Quick answer
Tachyon means a hypothetical particle that would travel faster than light. It is usually pronounced TAK-ee-on, and today it is still readable to modern audiences, even if it sounds more deliberate than everyday speech.
Word page
Tachyon means a hypothetical particle that would travel faster than light. It belongs to weird science and medical words and works best in playful writing, lively dialogue, and moments when plain wording feels too flat. It still feels usable today, especially when you want a word with more character than the plainest alternative.
Tachyon means a hypothetical particle that would travel faster than light. It is usually pronounced TAK-ee-on, and today it is still readable to modern audiences, even if it sounds more deliberate than everyday speech.
In plain English, tachyon refers to a hypothetical particle that would travel faster than light. It is most useful when a plain label would tell the truth but miss the tone, flavor, or comic edge.
Tachyon feels absurd because it has more texture than the plain alternative, giving the idea an extra bit of theatrical, comic, or overbuilt energy.

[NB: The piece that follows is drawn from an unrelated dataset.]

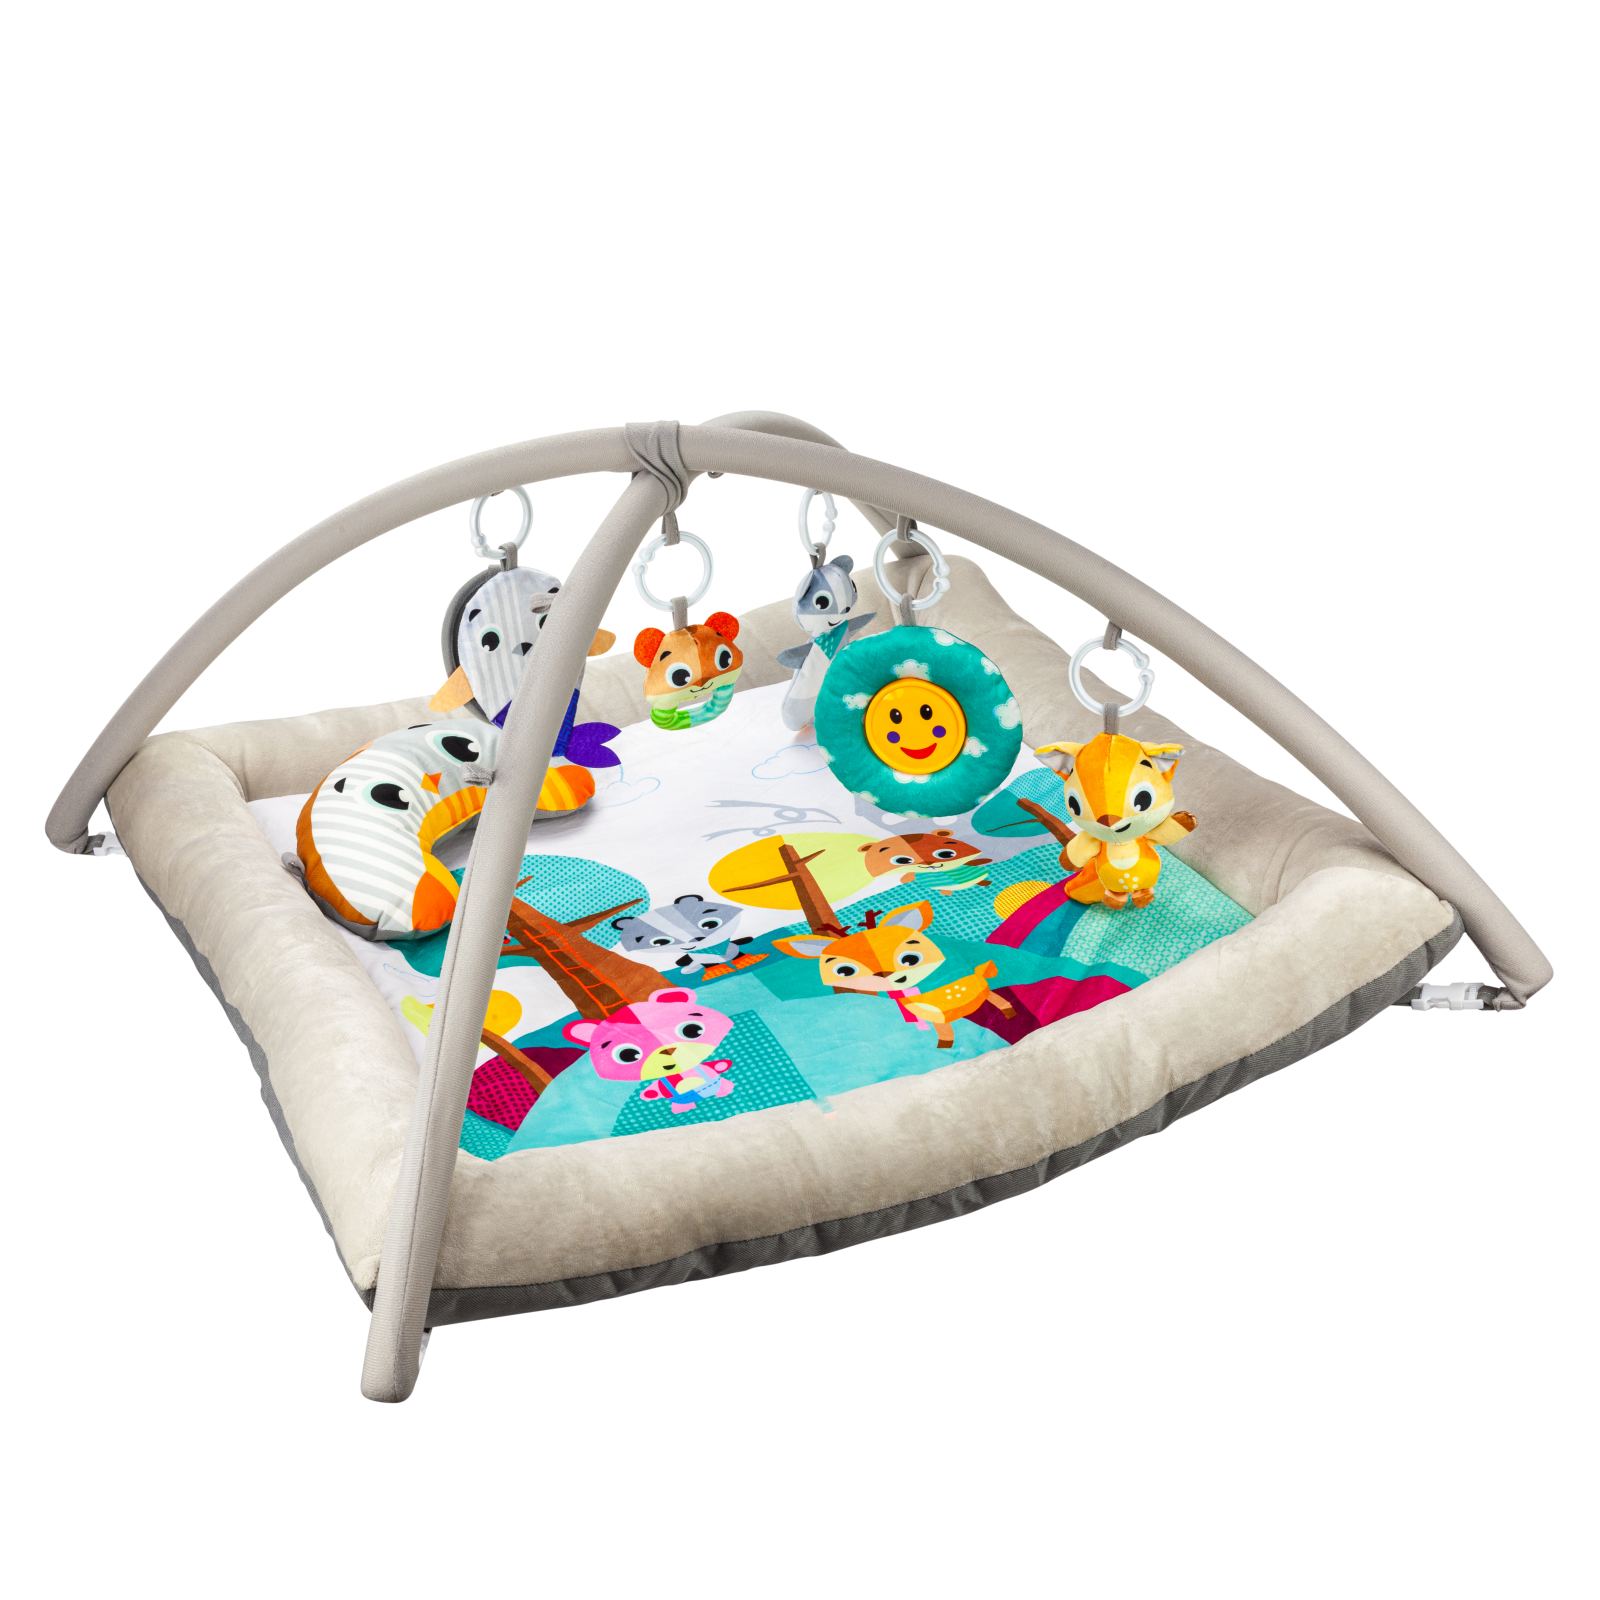 фото Развивающий игровой коврик solmax для новорожденных с дугой и игрушками, бежевый/голубой
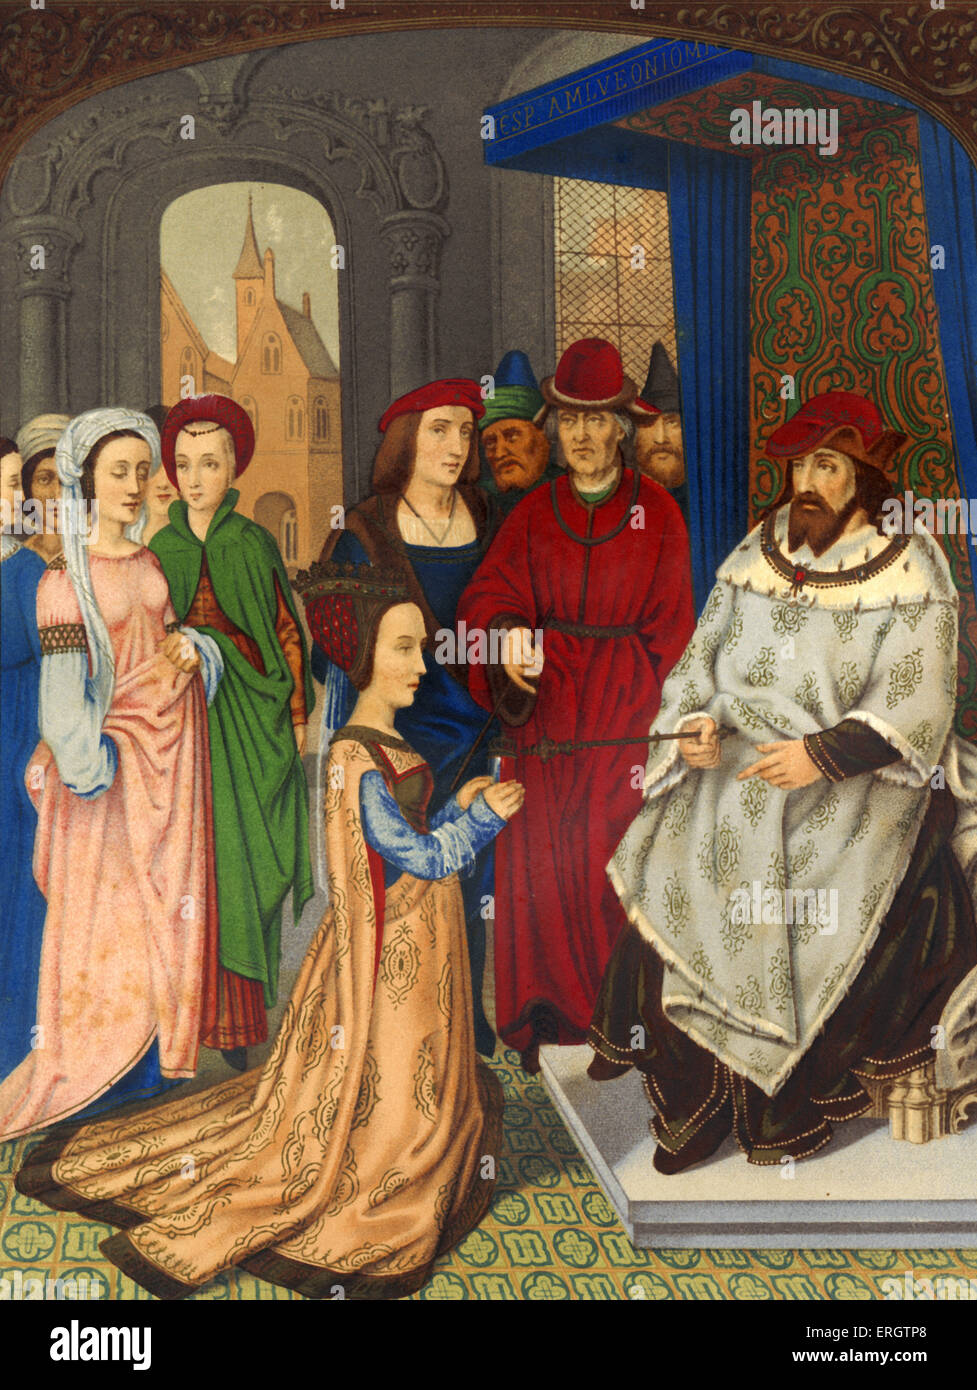 La regina di Saba prima di re Salomone - XV secolo i costumi. Scettro.  Sullo sfondo: cinque della regina 's assistenti femminili e cinque del re  's cortigiani. Illustrazione / stampare da

Tachyon is generally traced to 20th-century physics term from Greek tachys, meaning “swift”. In modern use, the history matters less than the strong tone the word still carries.
Tachyon is still usable today, especially when you want language that feels more distinctive than the plainest modern alternative.
Use tachyon when you want a more vivid, characterful choice than the plain everyday alternative. It works especially well in playful writing, dialogue, and places where tone matters.
particle, boson, quantum entity, hypothetical object
ordinary matter, sublight particle, certainty
Edited by Absurd Words. Last updated: May 9, 2026. See the editorial policy for how definitions, examples, labels, and update checks are handled on the site.